Paper No. 2
Presentation Time: 8:20 AM
MODELING GROUND-WATER RECHARGE FROM PRECIPITATION—DEVELOPMENT AND IMPLEMENTATION OF THE GSFLOW MODEL
Flow and storage in the unsaturated zone commonly are neglected when assessing ground-water recharge in humid areas, because the unsaturated zone is assumed to be too thin to store much water. Consequently, most ground-water flow models in humid areas apply recharge directly to the saturated zone. Changing land use and ground-water development have increased concerns regarding ground-water interaction with surface water and have led to more sophisticated techniques to model spatial- and time-varying recharge. GSFLOW is a ground-water/surface-water flow model being developed by the USGS that couples the Precipitation Runoff Modeling System (PRMS) with the Modular Ground-Water Flow Model (MODFLOW). The coupling is via a new soil-moisture zone module in PRMS and a new unsaturated-zone flow package in MODFLOW. GSFLOW simulates spatial- and time-varying recharge on the basis of daily energy and mass balances among precipitation, solar radiation, heat, evapotranspiration, runoff, infiltration, and storage in the snowpack and soil zone, and percolation and storage through the unsaturated zone. Fluxes are computed dynamically among PRMS hydrologic response units and corresponding MODFLOW cells. GSFLOW has a modular design that allows for the use of existing and future PRMS modules and MODFLOW packages.
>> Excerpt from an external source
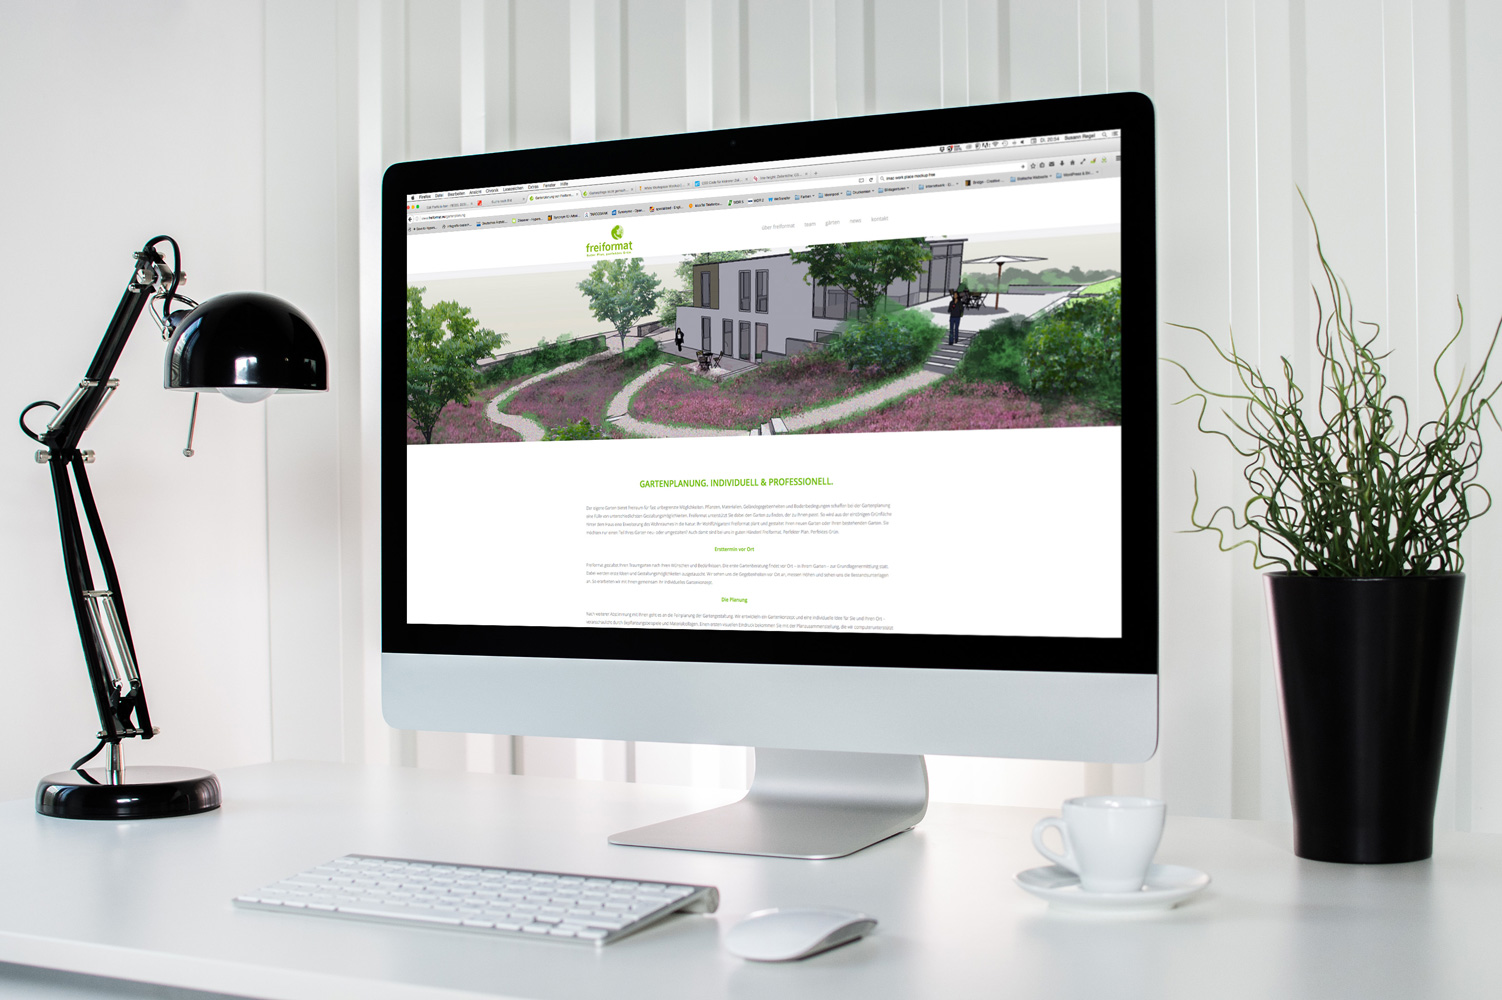 webdesign-regel-design-freiformat-05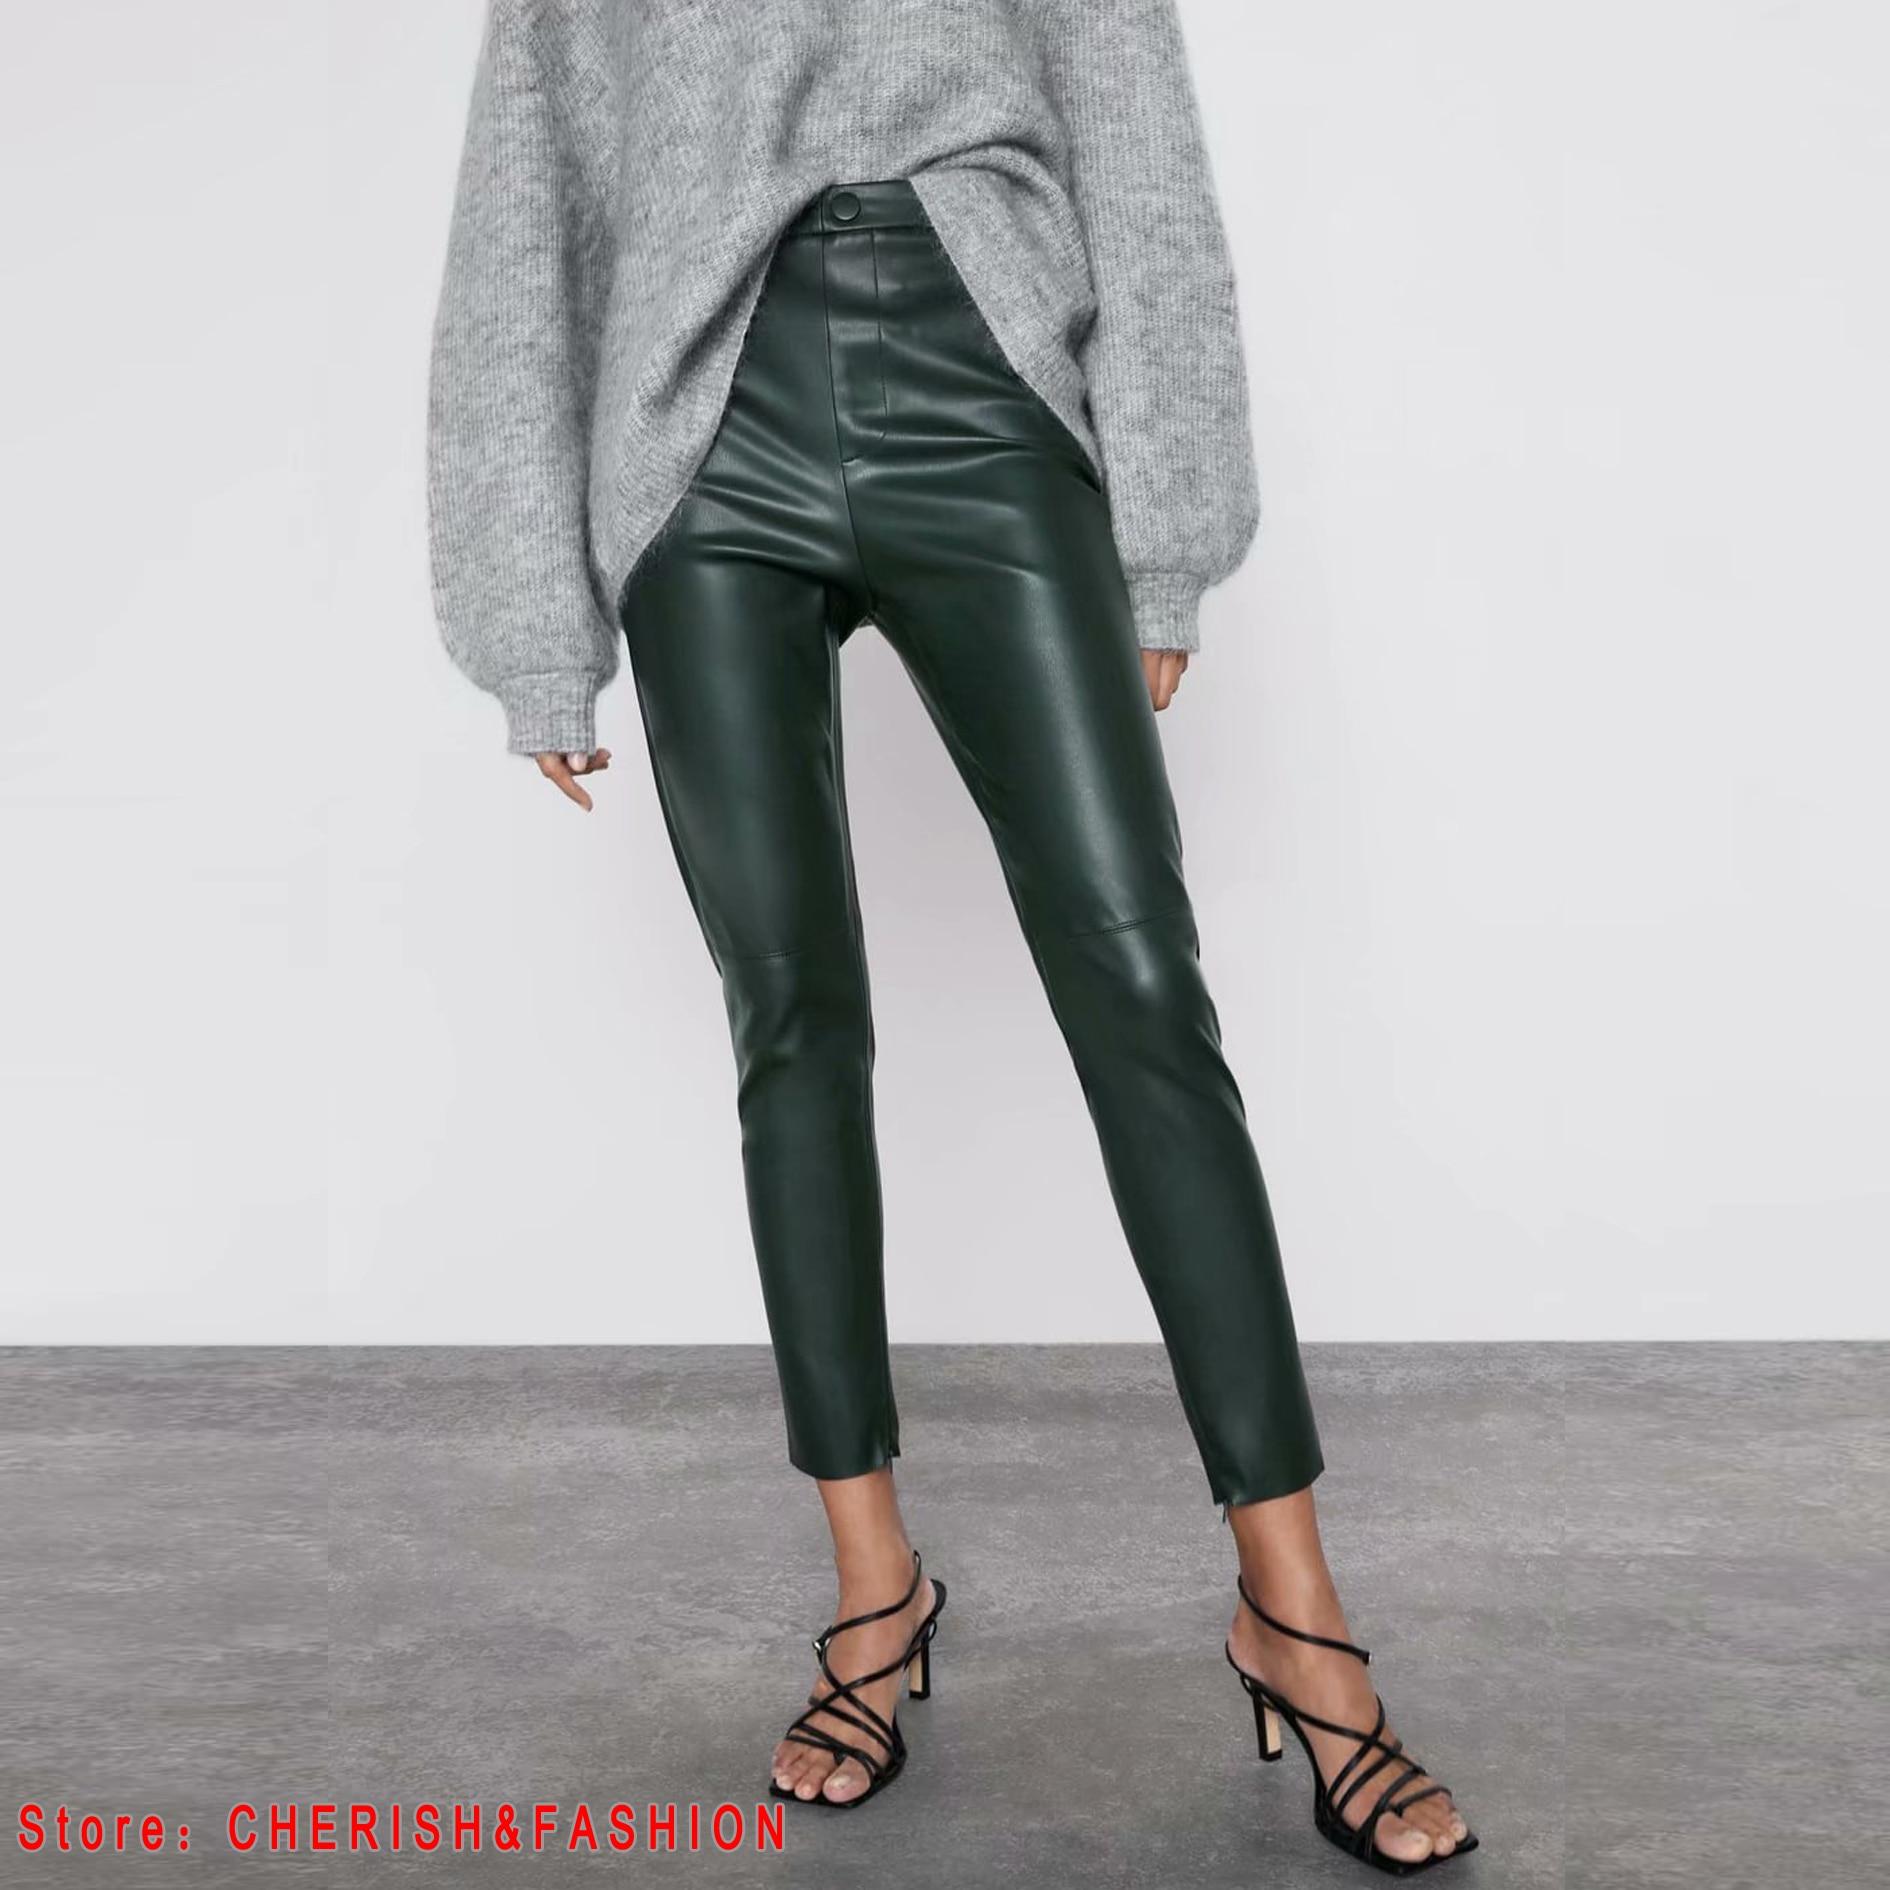 2020 New Fashion Autumn Winter Women High Waist Black Faux Leather Pants Lady PU Loose Pencil Trousers Elegant Pocket Streetwear

GSFLOW is being tested on a 27 km2 watershed underlain by volcanic rocks in the Sierra Nevada near Truckee, California. Land-surface altitude ranges from 1,925 to 2,800 m. Mean precipitation ranges from 89 cm/yr near the basin outlet to 122 cm/yr at the highest elevations. Mean runoff is 40 cm/yr. Most precipitation occurs from November through March in the form of snow. The snowpack normally begins melting in March at the lower elevations and the melt progresses to higher elevations during April through June. The simulation period is from 1981 through 1997 and includes large variations in precipitation and snowmelt. The simulation of ground-water recharge in lowland areas, where the unsaturated zone is thin or nonexistent, results in a rapid streamflow response. Whereas, the simulation of increased recharge in upland areas following years of above normal precipitation, where the unsaturated zone is more than 20 m thick, results in a slow and gradual increase of ground-water discharge to streams.